Exact retyping of the data: please keep every word and drop each picture.

DATA SEGMENT:
● ● ●

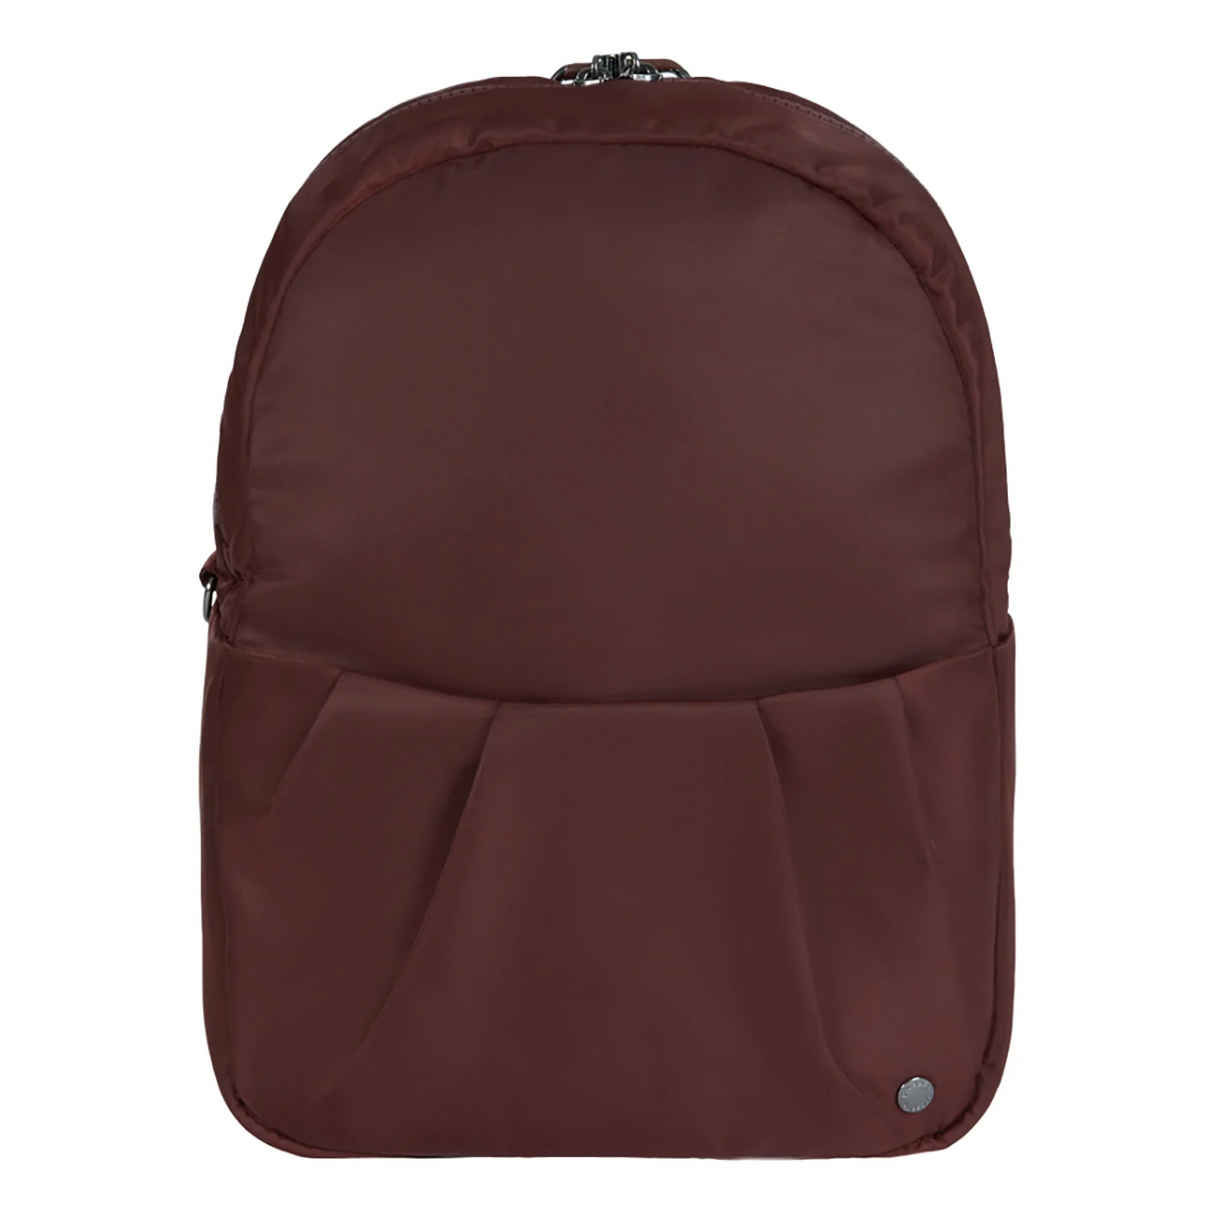 Merlot Citysafe Convertible CX Backpack
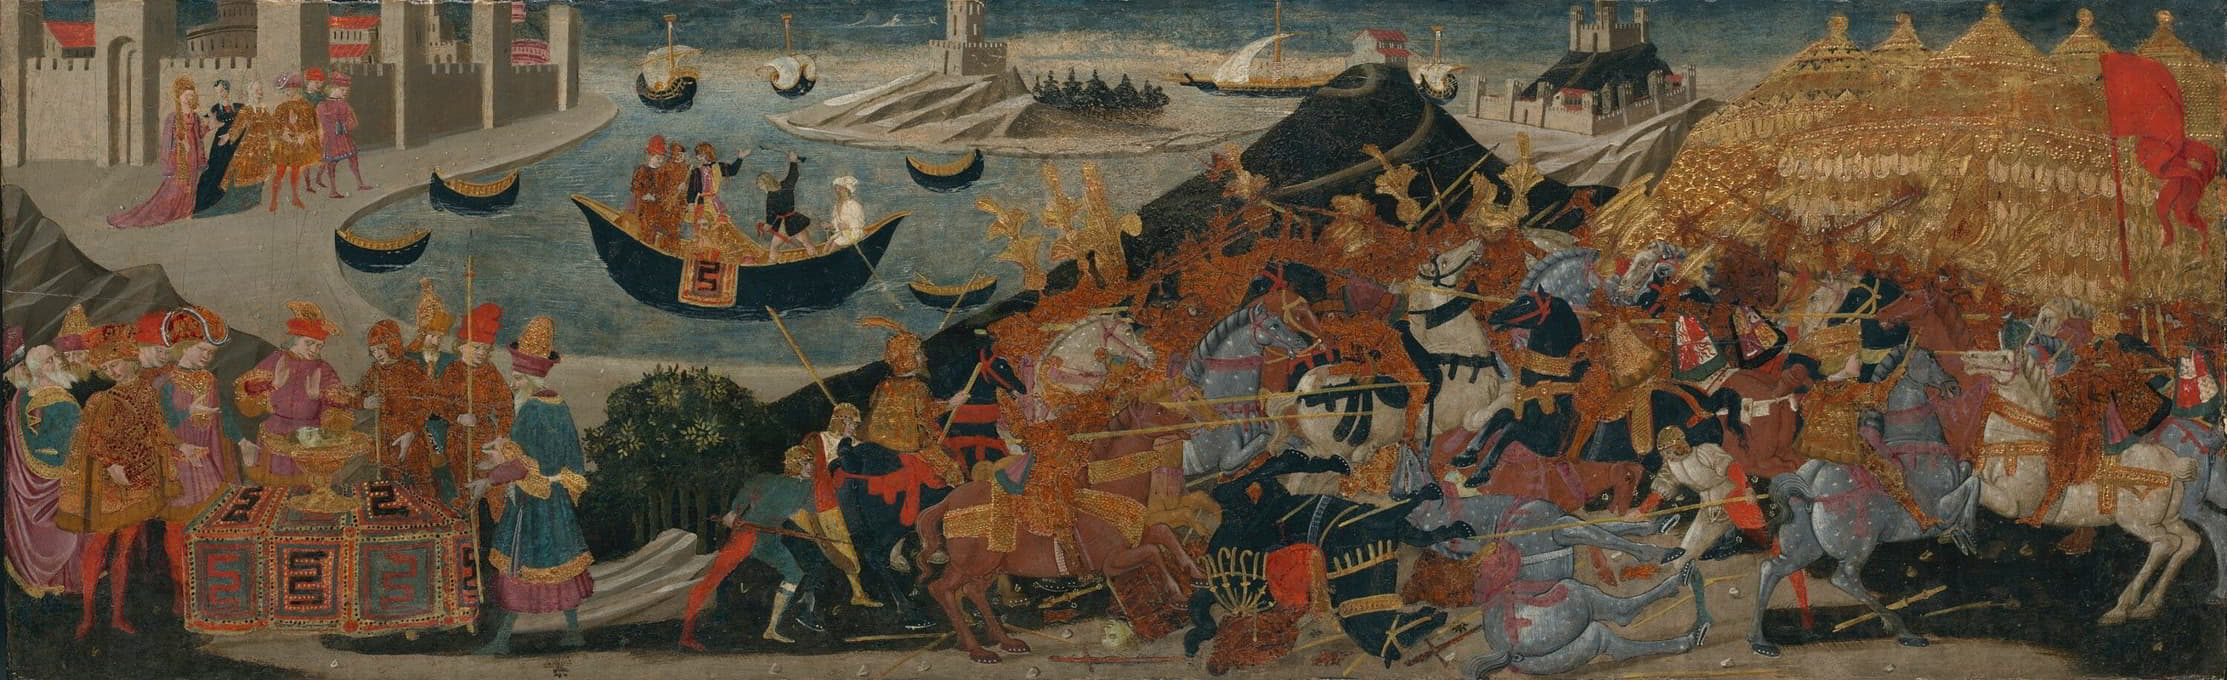 法萨卢斯战役和庞培之死
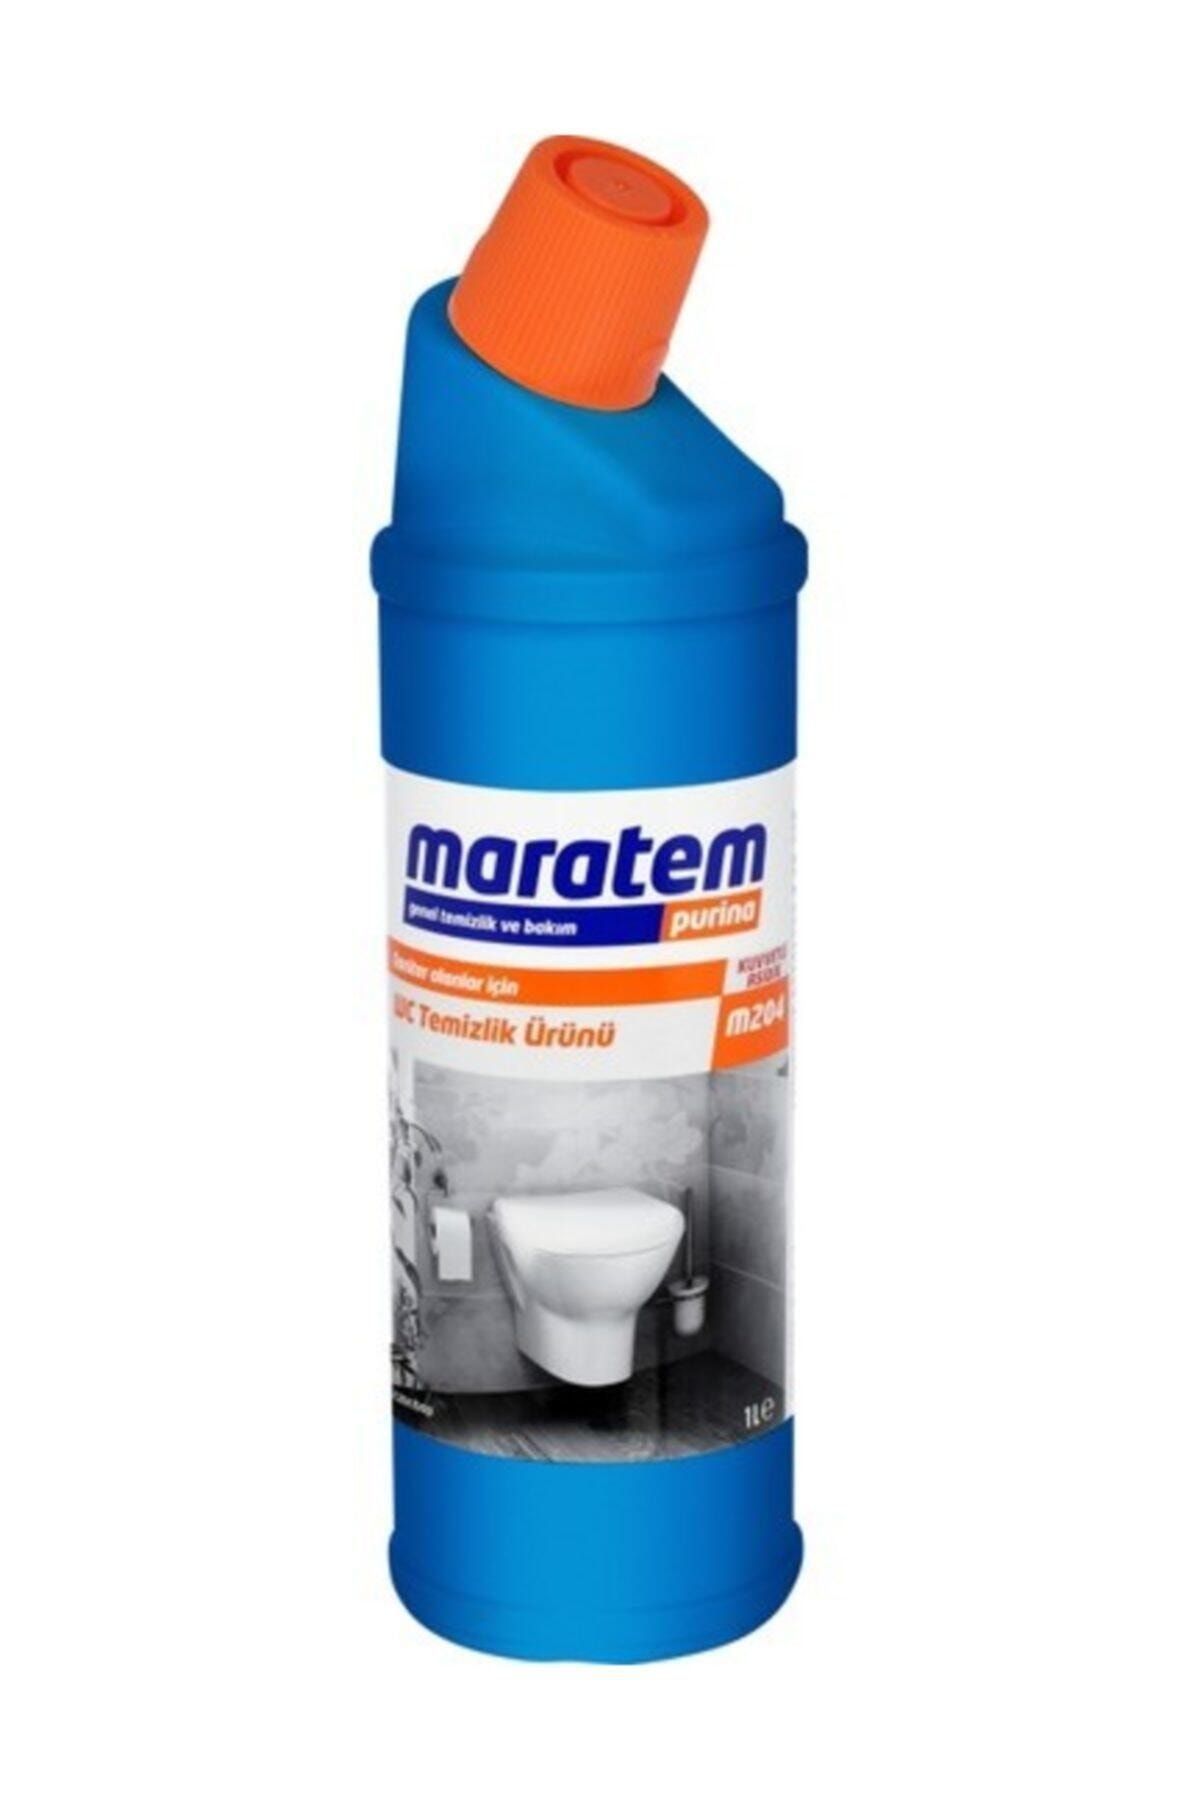 Maratem Maratem Wc Temizlik Ürünü 1 Lt M204 2 Adet

● ● ●

OUTPUT OF THE EXERCISE:
 Merlot Citysafe Convertible CX Backpack
 法萨卢斯战役和庞培之死
 Maratem Maratem Wc Temizlik Ürünü 1 Lt M204 2 Adet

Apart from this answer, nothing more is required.